Nanna just said, “Suit yourself,” and let it go. I wished she'd say “Suit yourself” to me just once in my life, especially today. Instead, by nine o'clock she had me standing on the Merrills' front porch, with a scrubbed face and holding the applesauce cake.

“Yes?” Mrs. Merrill answered the knock.

Nanna said, “How do! I'm Lydia Baldwin and I live next door, but please call me Nanna—everyone does.”

“Oh … hello!”

“What's all that racket?” a deep voice bellowed from inside the house.

Mrs. Merrill's face turned beet red and instead of inviting us in, she slid out onto the porch and quickly closed the screen door behind her. I didn't know where those people were from, but not inviting a person into your home was a downright insult in Maywood. Nanna pretended not to notice and kept on talking.

“This is my niece, Lydia Carson—my namesake.” Nanna threw that in whenever she could. “And we just wanted to welcome you to our little town by bringing this cake over.”

“Oh, gracious! Thank you so much!” For someone who hadn't seemed all that friendly, Mrs. Merrill sure was tickled by that cake.

“Boys! Beth! Come here, please.”

The moment I'd been dreading came when Ratboy showed up with a taller boy and a little girl.

Mrs. Merrill said, “I'm Carolyn Merrill.” She put her hands on the little girl's shoulders and said, “And this is Elizabeth.

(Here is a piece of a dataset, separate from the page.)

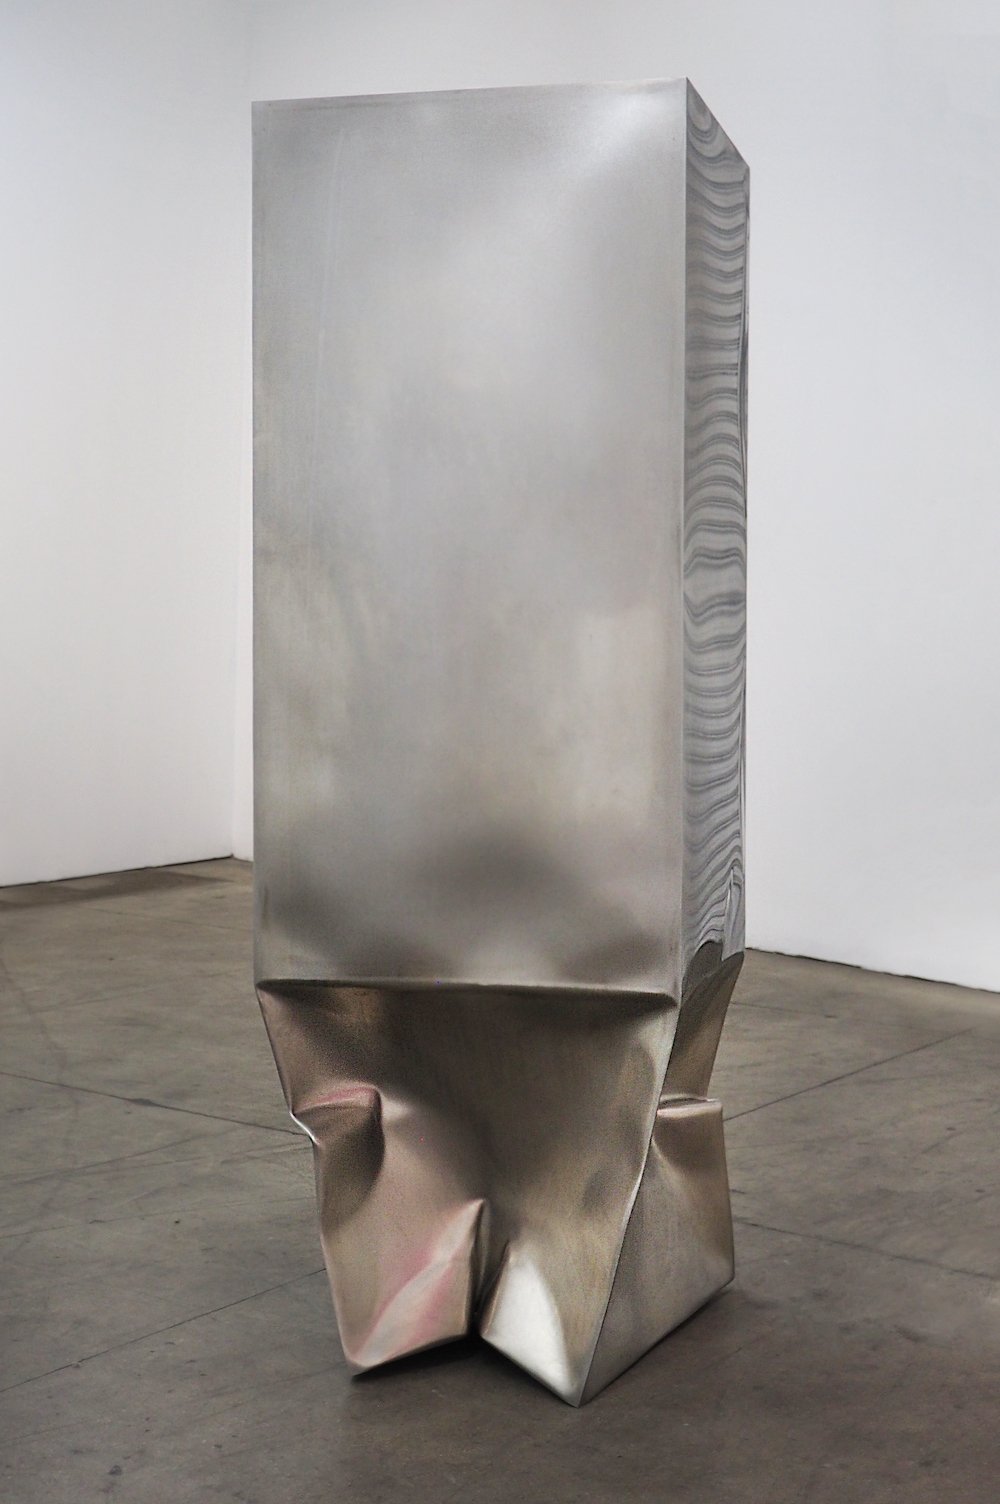  Ewerdt Hilgemann  Imploded Column (2:1) Upside Down #080105 , 2008 stainless steel 72 x 24 x 24 in (182.9 x 61 x 61 cm) 
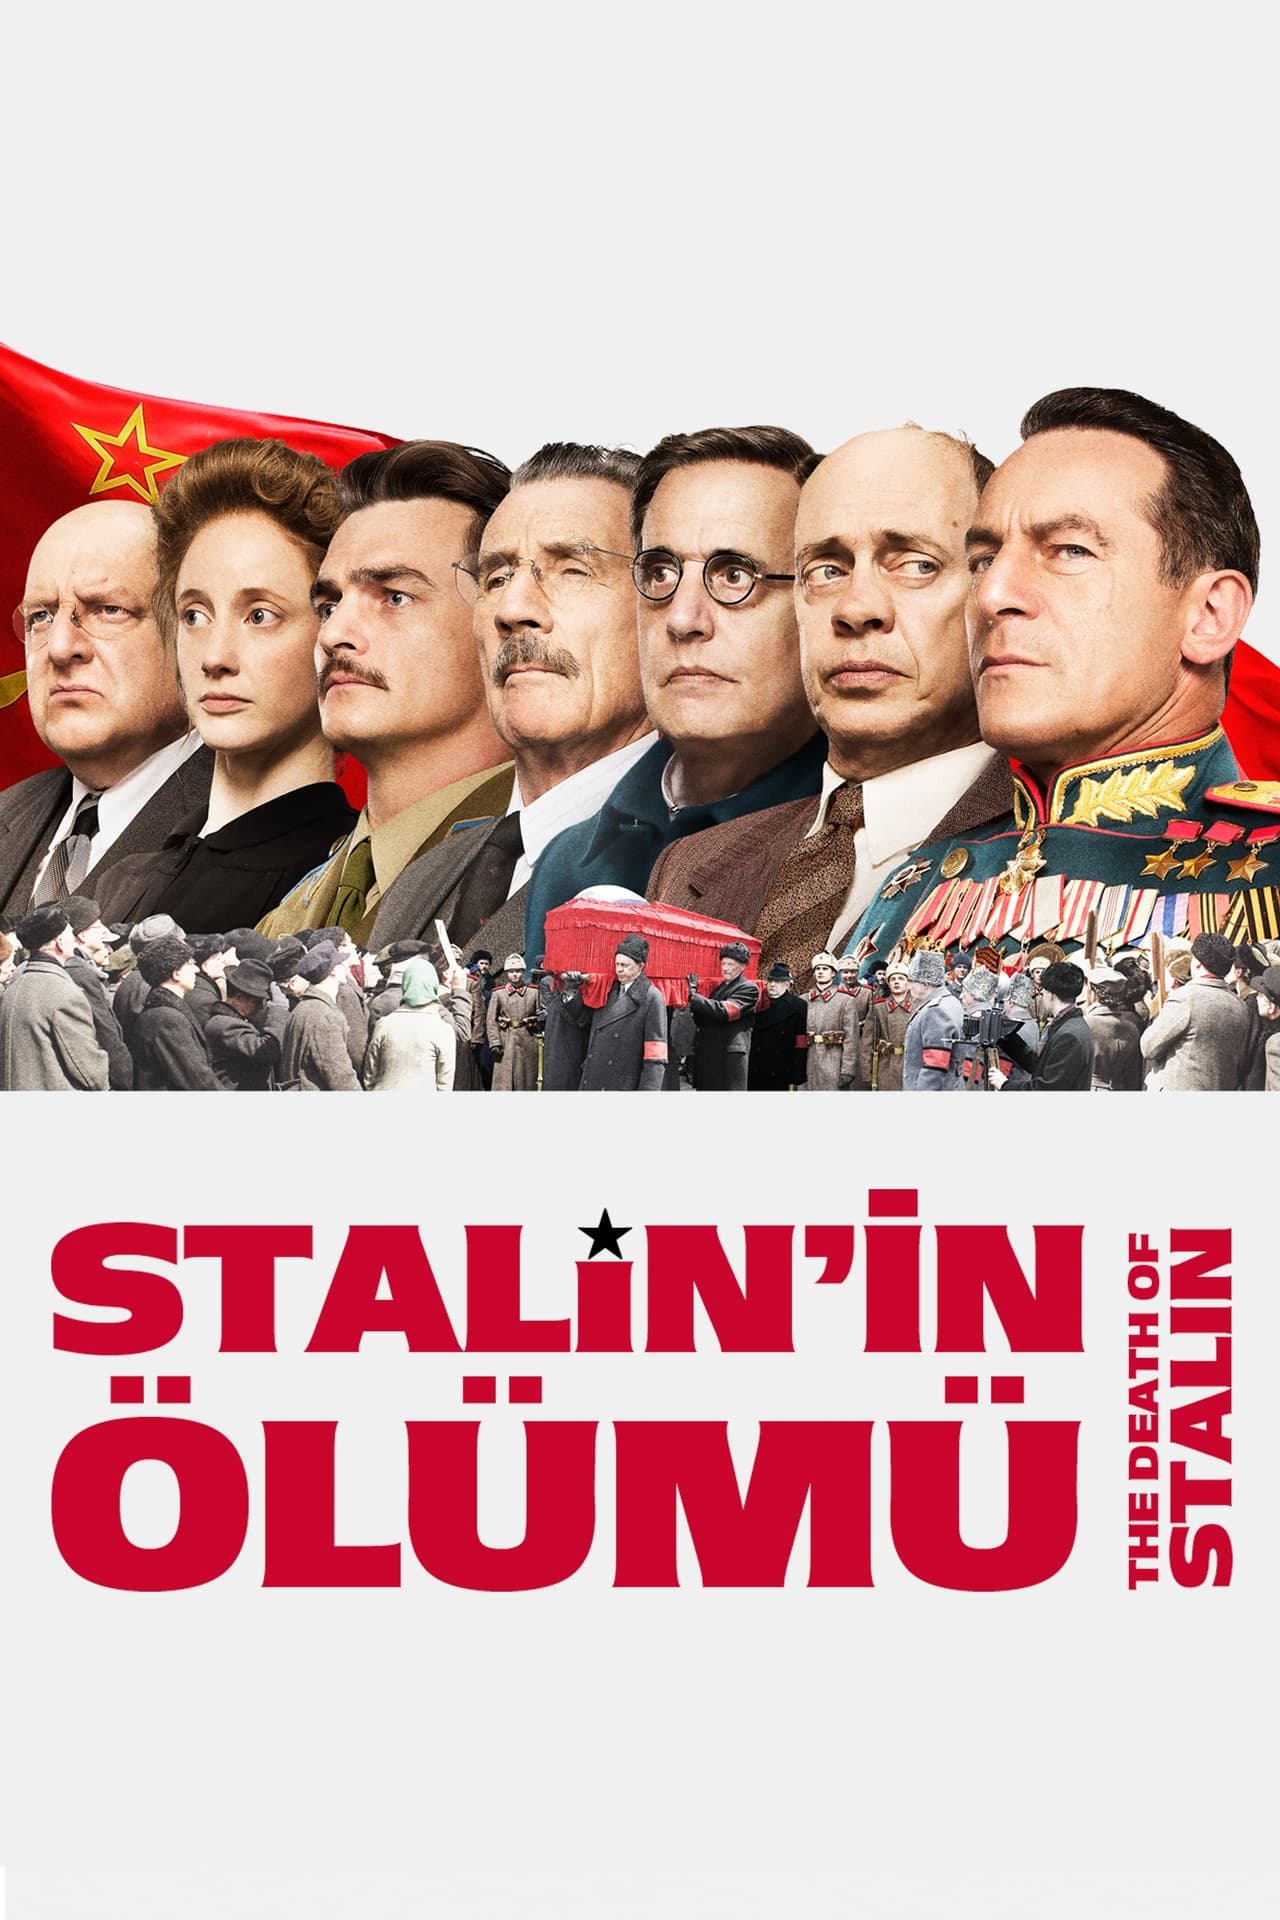 The Death of Stalin (2017) 192Kbps 24Fps 48Khz 2.0Ch DigitalTV Turkish Audio TAC

We call her Beth.” She pointed to the boys and said, “This is Elliot and his brother, Willis.”

So Ratboy's name was Willis. I kept my eyes on Elliot, the older boy, but I was tuned into Ratboy more than if I'd looked straight at him.

“Hi, Elliot,” I said.

His mouth turned up on one side in a half smile and he said, “Hi.”

Then I turned to Willis. He just looked right back at me. No way was I going to be friendly to that maniac.

Nanna nudged me forward. “Aren't you going to say hello?”

If I acted nasty or said what was really on my mind, Nanna would drag me home by my ear. I finally just nodded. A nod would be easy to take back if need be, but a “Hello” was something altogether different. Ratboy nodded back.

“Elliot, would you bring out the kitchen chairs,” Mrs. Merrill said in a low voice. Then she stood there beaming at us, as if not inviting people into your home was the most normal thing in the world. The oldest boy, Elliot, quietly took the cake inside and brought out two kitchen chairs.